Reducing logistics cost

  • India’s logistics cost ~13-14% of GDP (Economic Survey)
  • National Logistics Policy, 2022 targets single digits by 2030

Anchoring Programmes

  • PM Gati Shakti – multimodal infra master plan (2021)
  • National Infrastructure Pipeline (NIP) – Rs 111 lakh crore over 2020-2025
  • National Monetisation Pipeline (NMP) – Rs 6 lakh crore (2021-2025)
  • Bharatmala Pariyojana – 34,800 km arterial corridor programme
  • NHAI InvIT – listed (2021); recycles operational toll roads

UPSC Relevance

GS Paper 3 – Infrastructure

  • Infrastructure: roads
  • PPP models in infrastructure
  • Capital mobilisation; financing infrastructure

GS Paper 2 – Governance

  • Statutory bodies (NHAI under the NHAI Act, 1988)
  • Government policies and interventions

Mains Angles

  1. Discuss the various PPP models in Indian highway infrastructure.
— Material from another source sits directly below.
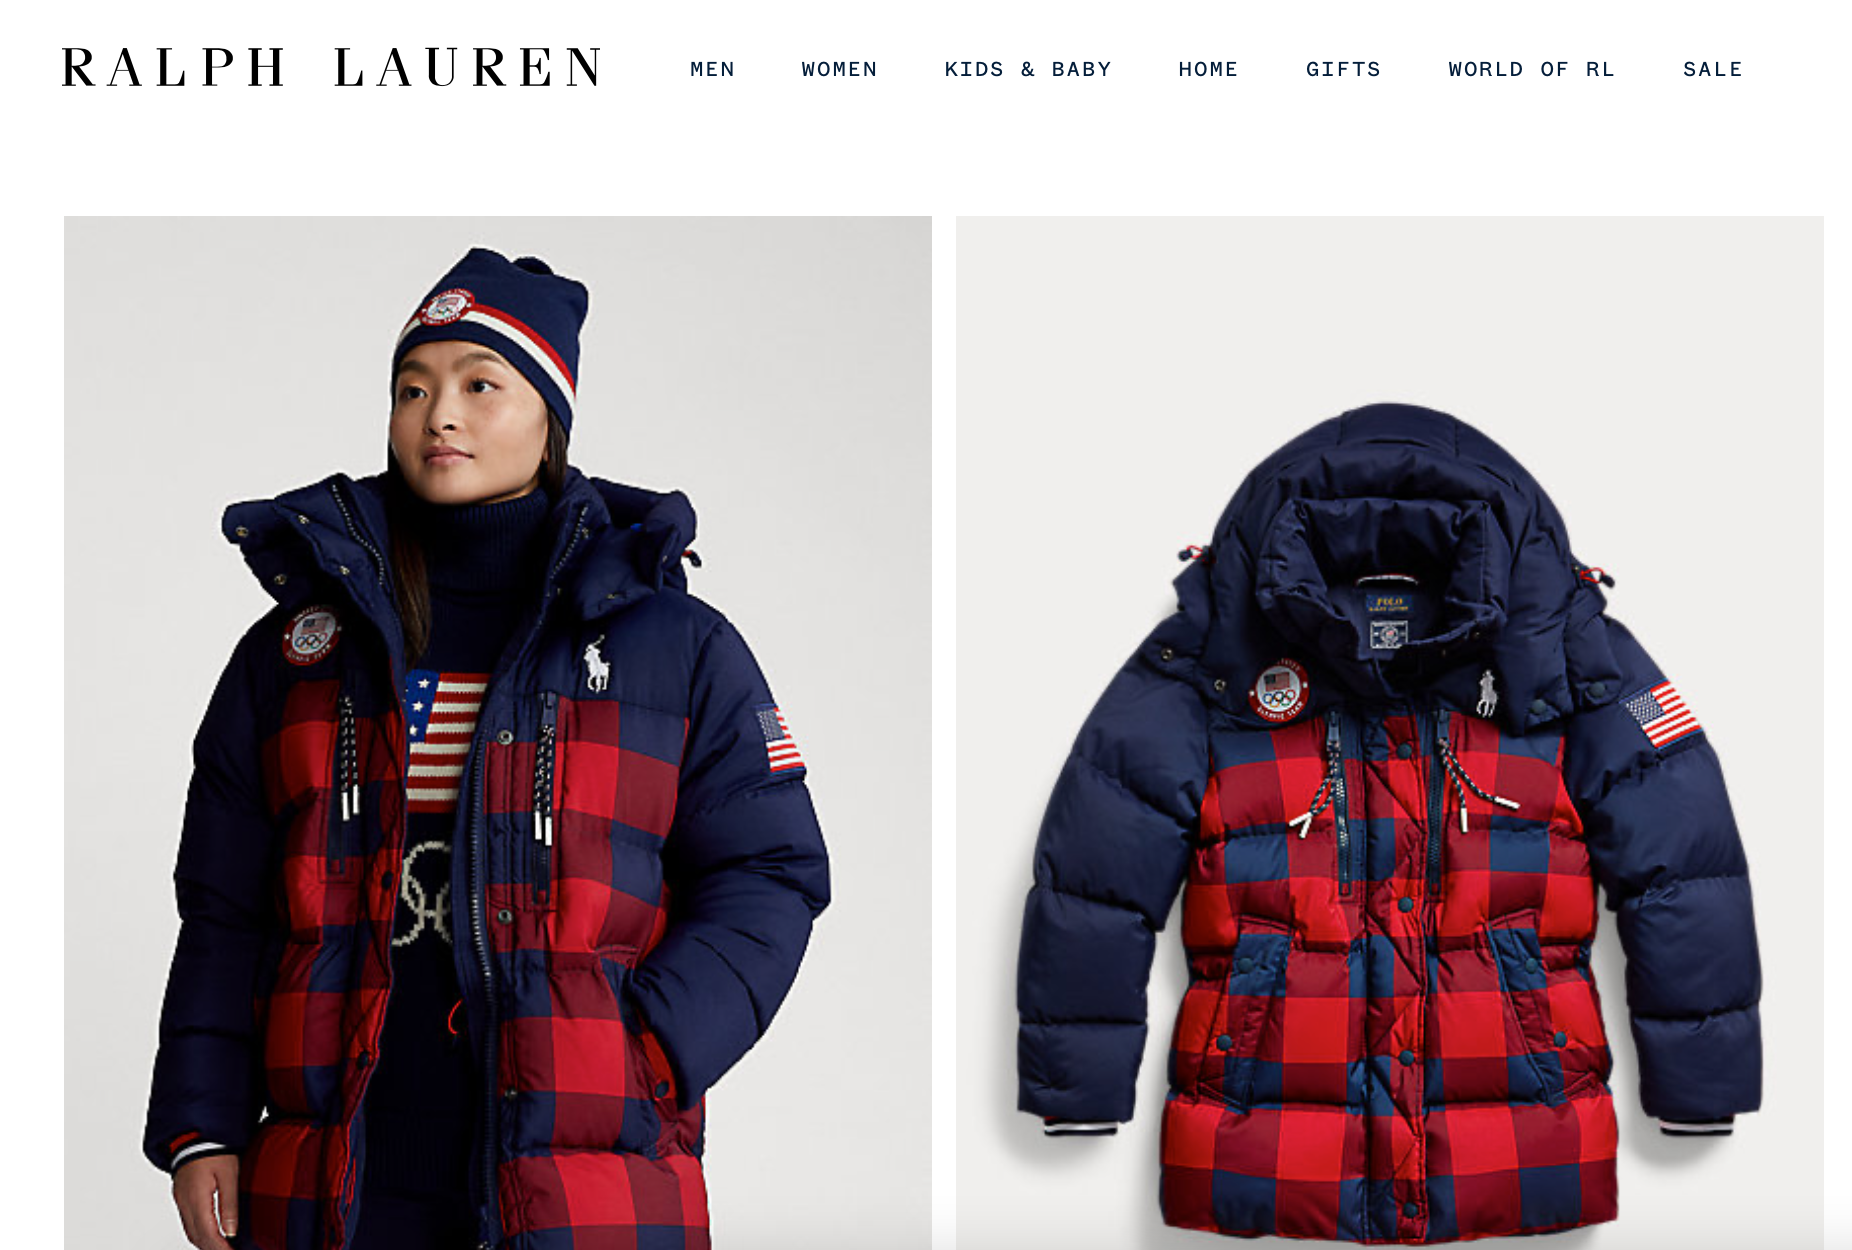 Ralph Lauren unveils Team USA’s closing ceremony outfits for Beijing Olympics

Which model best balances risk and return?
  2. The role of sovereign and pension funds in financing Indian infrastructure – opportunities and concerns.
  3. India’s asset monetisation strategy: a sustainable financing route, or a pre-commitment of public revenue? Evaluate.

Facts Corner – Knowledgepedia

BOT Models: Build-Operate-Transfer; can be Toll-based (full traffic risk) or Annuity-based (fixed Govt payment).
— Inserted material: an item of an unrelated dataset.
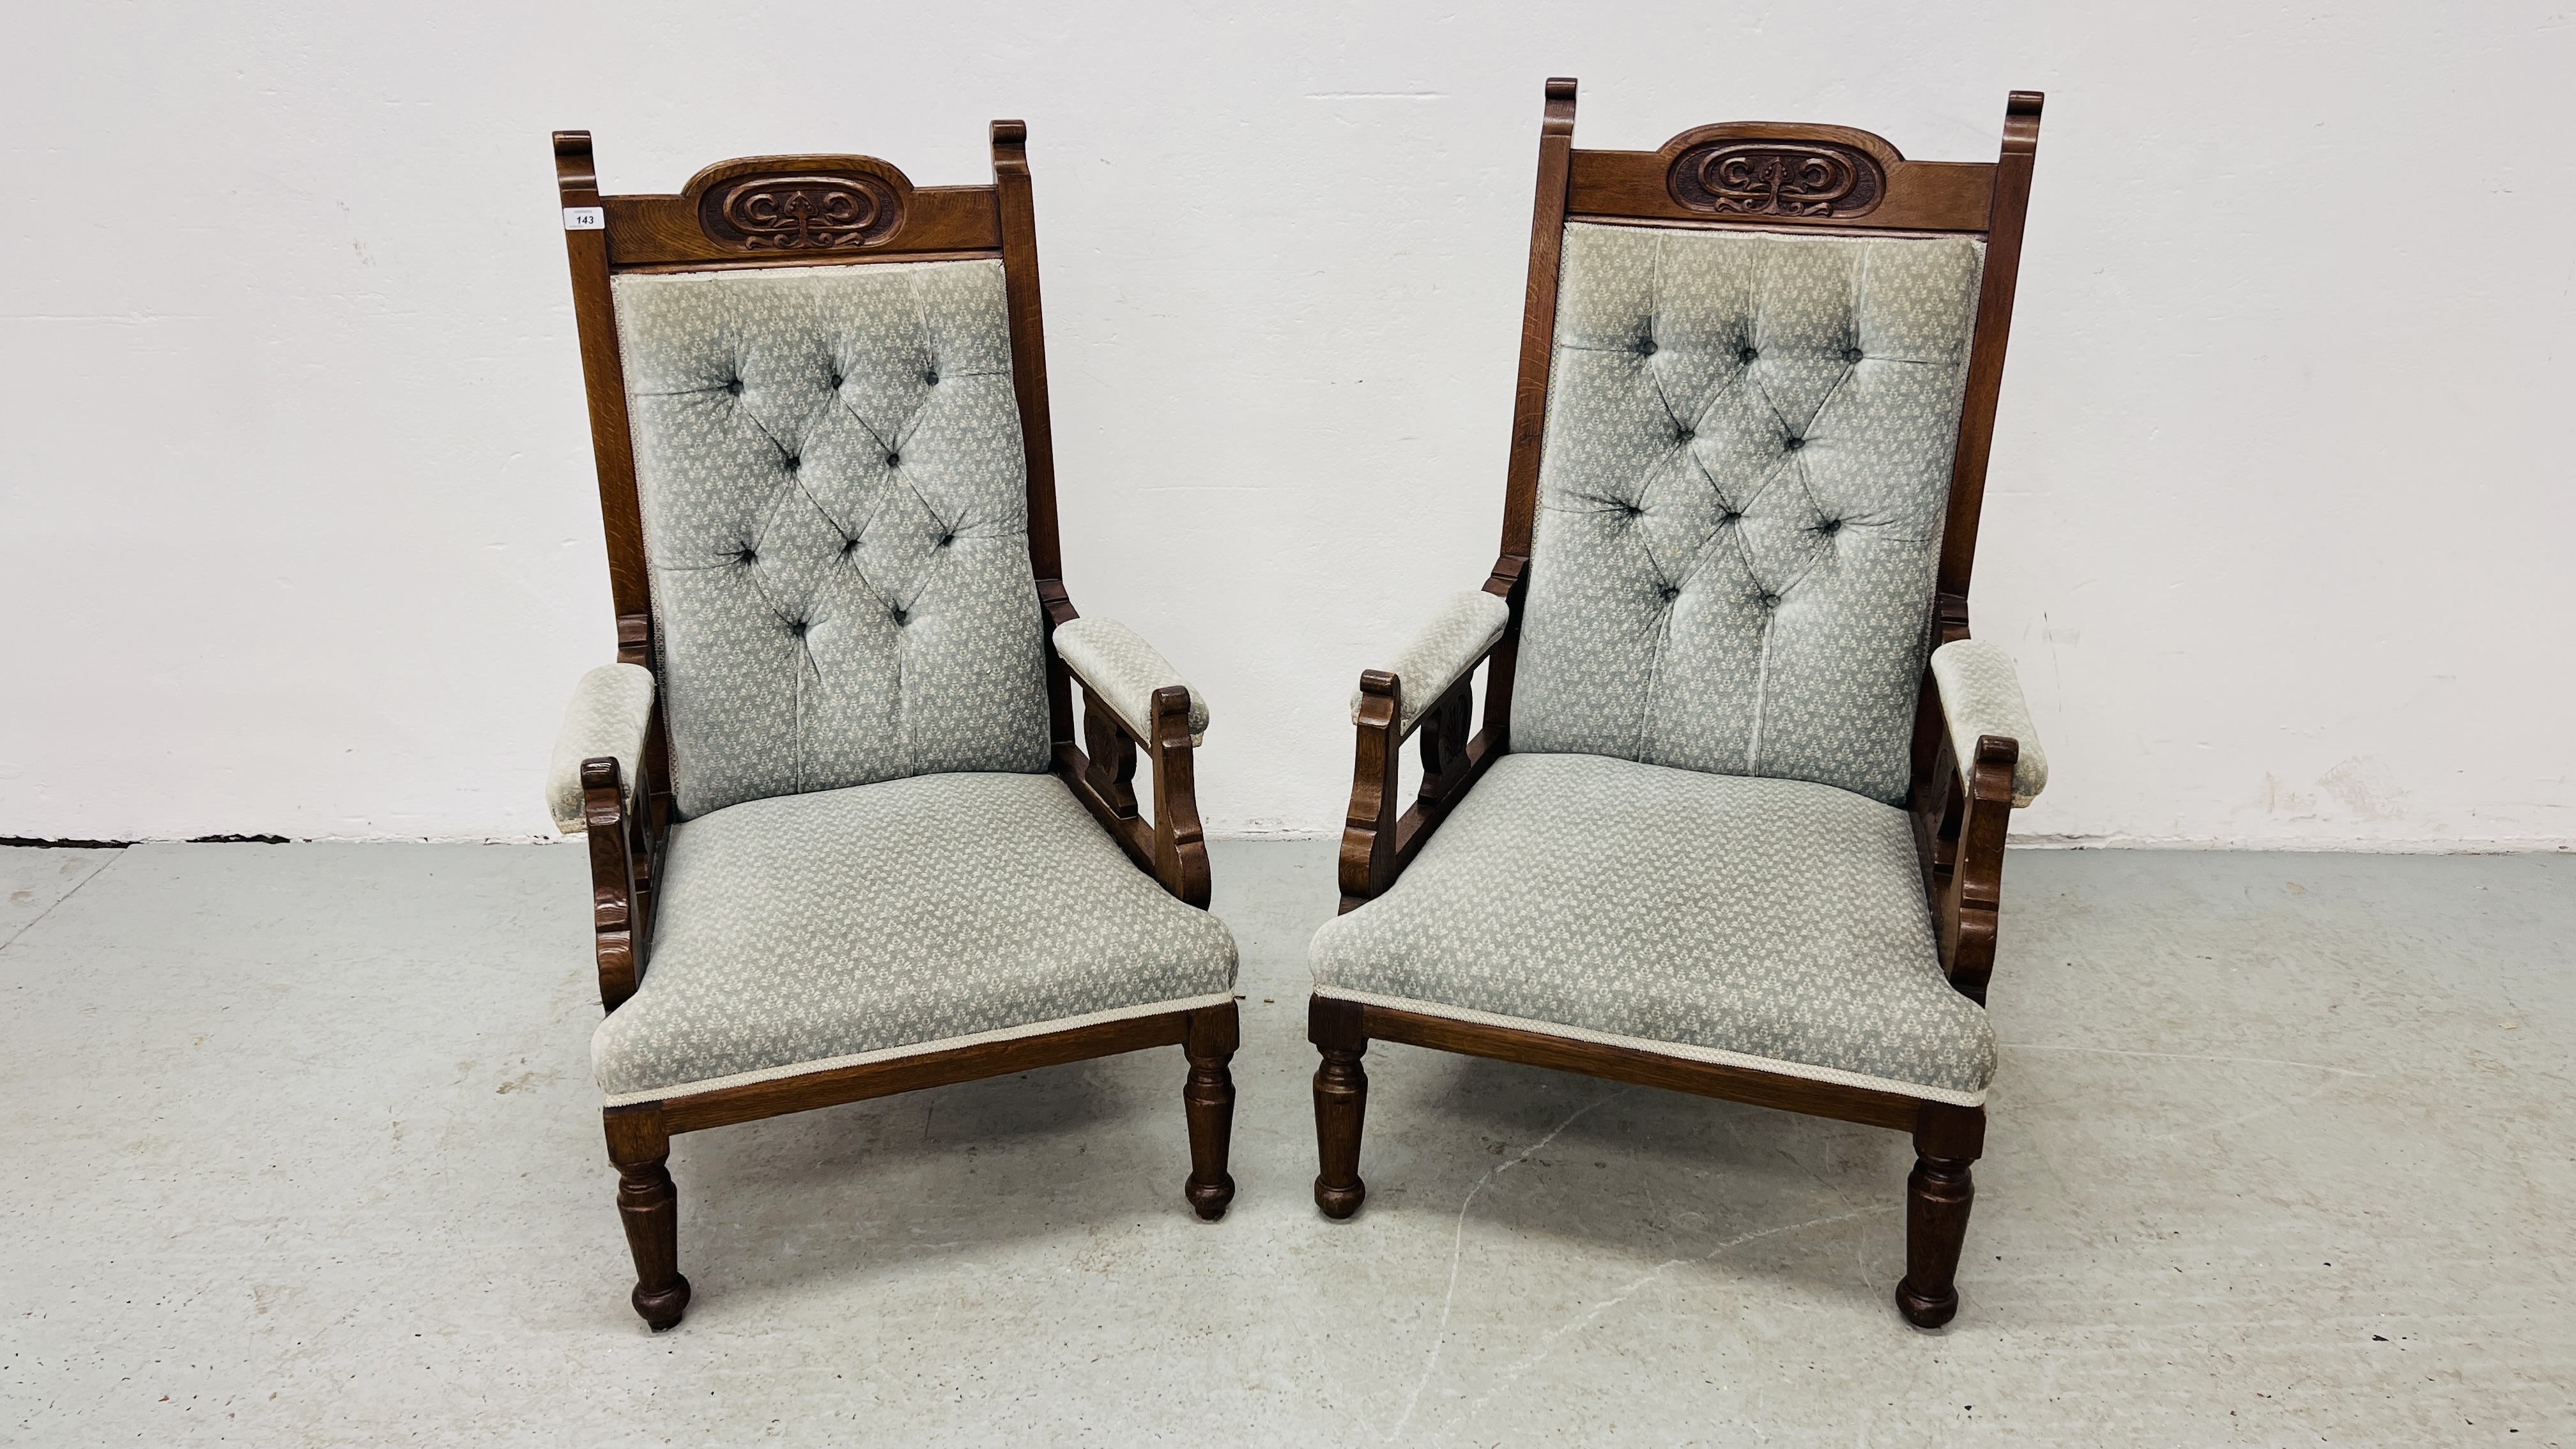 A PAIR OF EDWARDIAN OAK LOW SEAT CHAIRS UPHOLSTERED IN PASTEL BLUE

HAM: Hybrid Annuity Model – 40% Govt + 60% concessionaire; introduced 2015-16; now dominant for new awards.

TOT: Toll-Operate-Transfer – monetising operational highways; first bundle awarded 2018 (Macquarie).

EPC: Engineering, Procurement, Construction – 100% Govt-financed, contractor builds for fee.

NHAI: National Highways Authority of India; statutory body under NHAI Act, 1988; under MoRTH.

NHAI InvIT: Infrastructure Investment Trust; listed 2021; investors include CPP, OTPP.

NIIF: National Investment and Infrastructure Fund; India’s quasi-sovereign infrastructure fund (2015); anchor LP is Govt of India.

National Logistics Policy 2022: target – cut logistics cost to single-digit % of GDP by 2030.

PM Gati Shakti: Launched 2021; multimodal infra master plan with 16+ ministries on a common GIS platform.